Many of SS recruitment chief Gottlob Berger’s kin were ethnic Germans scattered all over Europe. In Romania, where he launched his recruitment drive, he had close kin among the Transylvanian Saxons. Andreas Schmidt, the head of the German minority, was Berger’s son-in-law. Schmidt was a radical Nazi and a Volksgruppenführer with close ties to the NSDAP in Berlin. At the end of the
1930s, Schmidt had brought together the ethnic German group of Romania, the GEGR and the local NSDAP. He was a brutish fanatic and wholeheartedly devoted to the Nazi cause. He enthusiastically embraced his father-in-law’s campaign to recruit for the Waffen-SS in Romania.
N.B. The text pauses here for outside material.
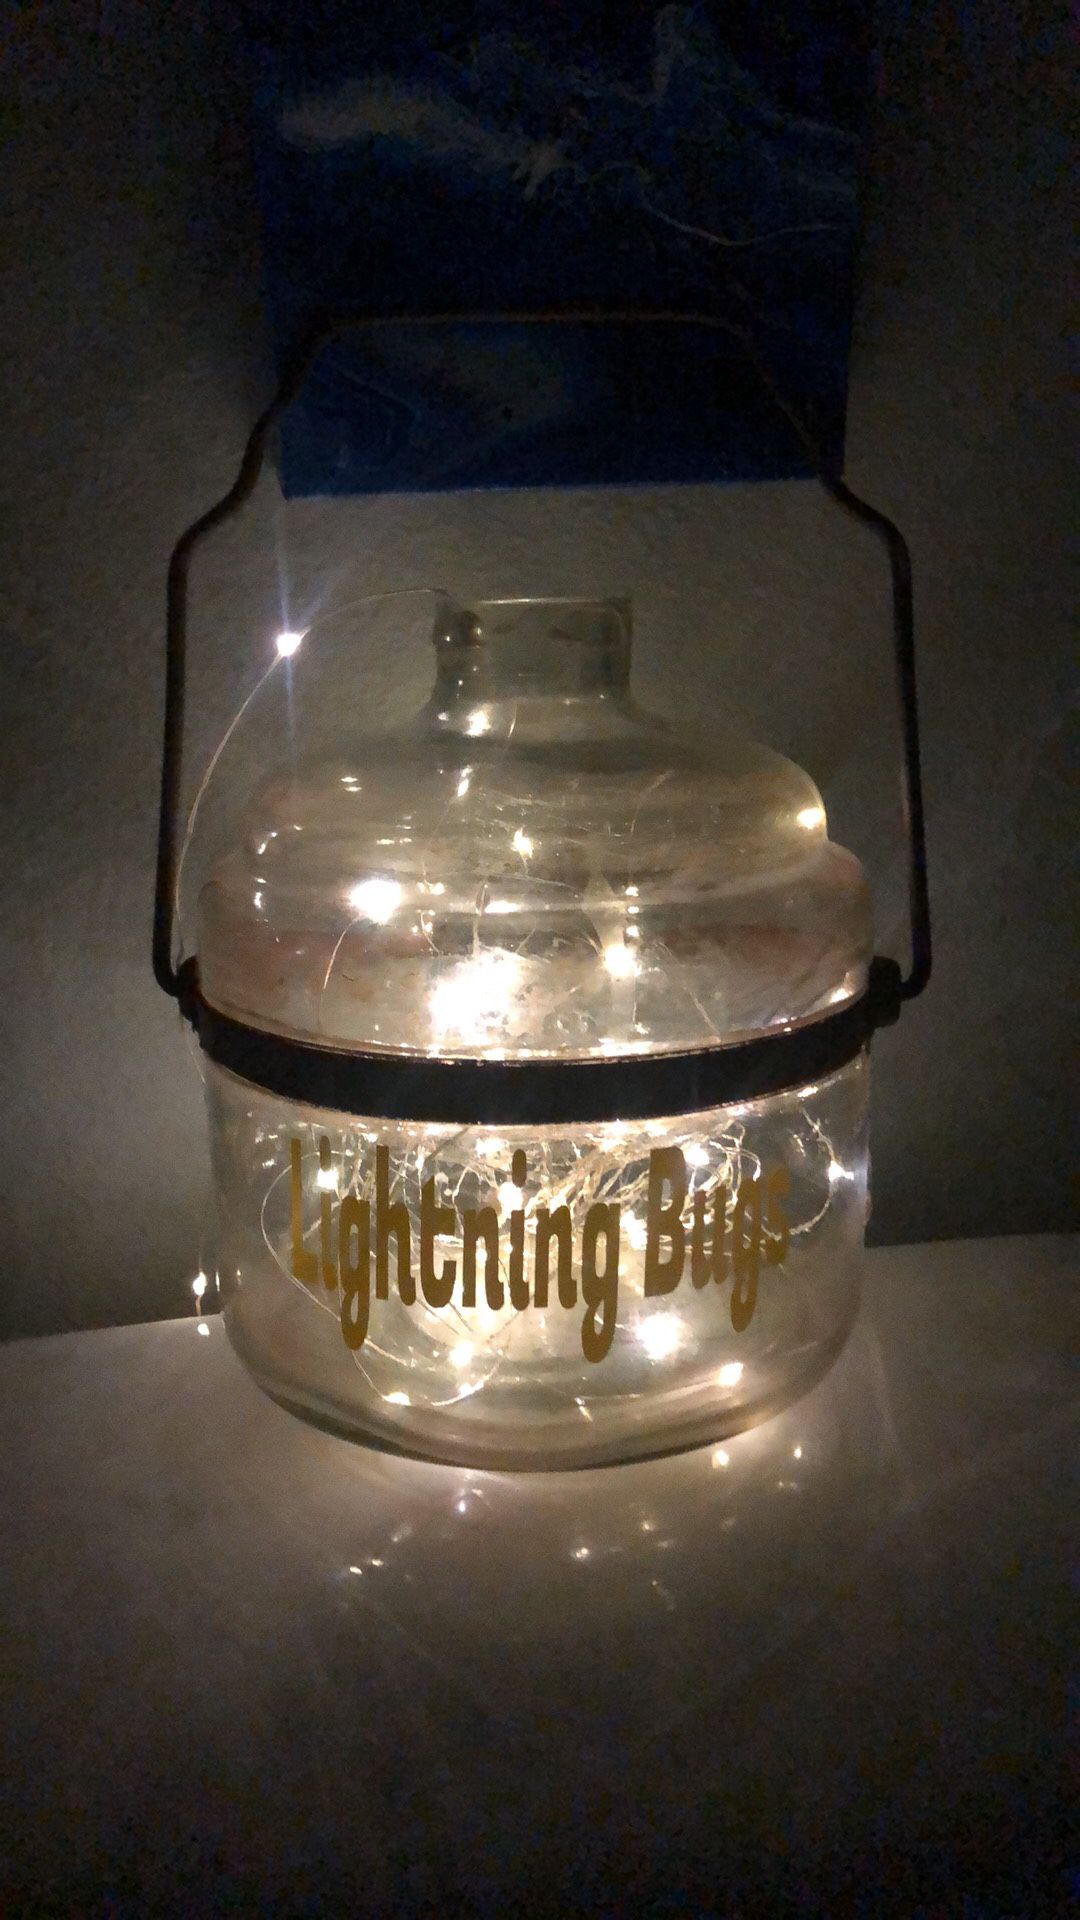 Antique Kerosene Bottle Now Unique Lightning Bug Container

But Romanian leader Ion Antonescu insisted that his government would regard service in a foreign army as desertion. So Schmidt and his father-in-law smuggled more than a thousand ethnic German Waffen-SS recruits, disguised as labourers, across the border for training in Prague.
50

It was a logical next step to look beyond the ethnic German world to the Nordic nations like Denmark and Norway that had been overwhelmed by the German army in 1940. It was becoming increasingly evident that the expansion of the Waffen-SS would depend on Berger’s foreign recruitment drive. It was a strategy that had been forced on the SS by the Wehrmacht but Himmler embraced it with a passion. In occupied Europe, the ‘Almighty’ Berger would need to negotiate some thorny obstacles. To entice foreign recruits into the Waffen-SS, he would have to overcome natural scruples about serving an occupying power. The Hague Convention, still accepted by Germany, made conscription illegal in any occupied nation; any SS recruits thus had to be ‘volunteers’.
51
Even some of the European pro-German radical nationalist movements like the Dutch National Socialists (NSB) were bitterly divided between those who longed to serve Hitler’s Reich and others who, rightly, feared that their own national cultures would be extinguished. Berger nevertheless set to work and set up SS recruiting offices in Denmark, Norway and the Netherlands. Recruiting criteria were identical for both foreign and German applicants: Dutch and Flemish men who joined the SS ‘Westland’ and ‘Nordland’ regiments, for example, had to be over 17 and under 40, possess ‘Aryan racial characteristics’, be in good health and meet the minimum SS height requirement of 165cm. But Berger’s first efforts yielded very modest results. By the summer of 1941, the new SS Standarte ‘Nordland’ and ‘Westland’ had, between them, attracted only a few hundred Danish, Norwegian, Dutch and Belgian volunteers.
52
But Himmler was not discouraged. He was increasingly obsessed with building a pan-European army – and by the end of that fateful year, the tally of ‘Germanic’ volunteers would look very different.